Which is more than they had in life. It is a mercy.”

  “A mercy?” Simeon asked, scowling.

  “You did this on purpose?” Amelia whispered. White noise filled her head.

  “Not alone, I assure you.” Her father raised his chin defiantly. “It's been done a hundred—a thousand—times before. The U.S. government has pursued policies of depopulation for years. We have merely accelerated those policies to track with the current dwindling agricultural yields and scarcity of resources. To protect the chosen, to ensure our survival—yes, a few were sacrificed to save the many. God will always make a way for America to survive.”

  “And that way is to kill millions of people?” Simeon asked.

  “In a word, yes.” Declan glared at him. “God ordered the wholesale slaughter of entire nations to protect the Israelites. Moses destroyed every person in Heshbon and Bashan, including women, children, and infants. It was a moral imperative.”

  Amelia couldn't comprehend his words. All her conflicted emotions knotted up inside her. He was her father and he was a mass murderer, and she loved him and hated him like she'd loved and hated him her entire life.

  “Moral?” Simeon spat. “You're justifying your actions as moral?”

  “Aren't you?” Declan's face turned a fierce, ugly red. “We acted to save millions more from starving to death. The world is dying. Just as God directed Noah to save only eight before he destroyed the earth, few will be spared. If we must sacrifice some to save the chosen, that is a choice I readily make.”

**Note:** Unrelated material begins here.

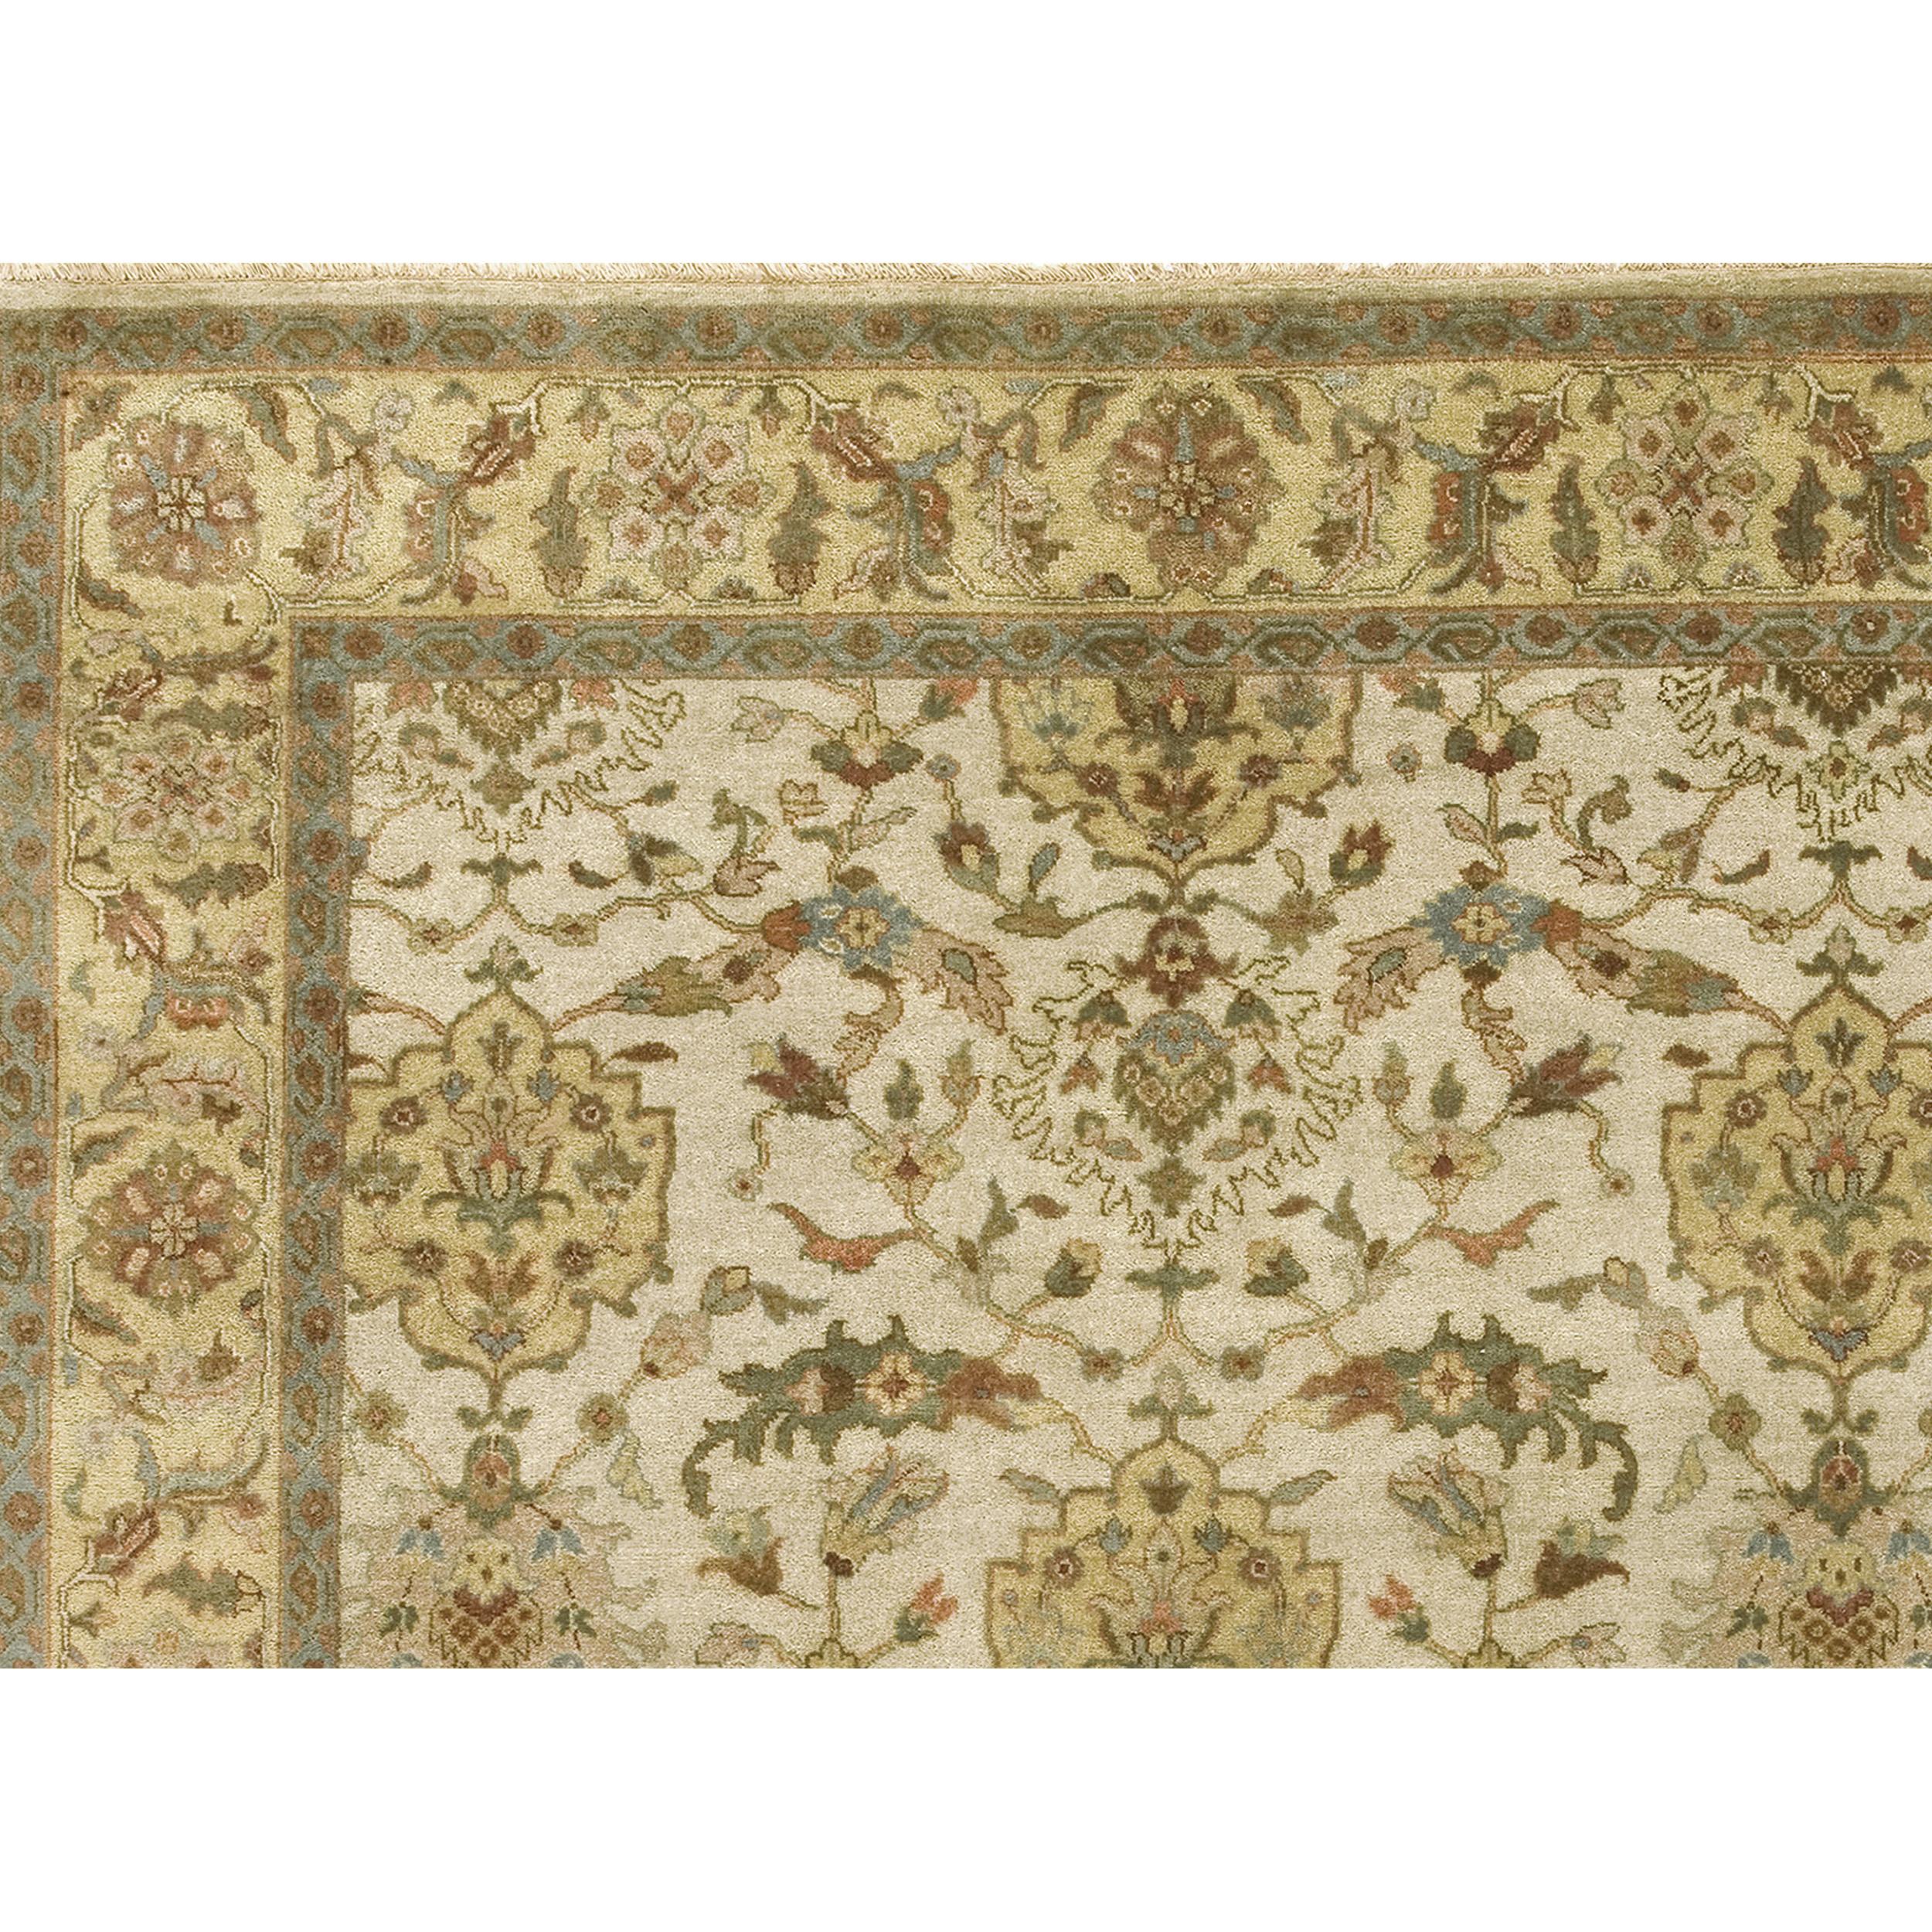 Meticulously crafted, this rug employs the most intricate traditional weaving techniques in India, guided by the expertise of skilled artisans. Crafted from the finest, most exquisite wools, renowned for their exceptional quality and softness. The

  Hollis grimaced. “You're insane.”

  “Not insane. Pragmatic.” Her father leaned forward, his eyes bright. He spoke with magnetic intensity, like he was convincing his board to take on a promising new acquisition. “We are the only ones with the strength and courage to do what the current, ineffective leadership is not.

  “The famine rumors are real. Just like the potatoes and rice in China, the soybeans in Argentina, and the African wheat, pathogens and parasites are decimating crops across the country. We’ve run out of reserves. We cannot sustain ourselves, nor purchase what we need from countries on the verge of collapse themselves. Our modeling forecasts indicated that a fifteen to twenty percent contraction, along with rationing, would alleviate food insecurity. A swift, immediate reduction in population ensures our survival—and prosperity—as a nation.”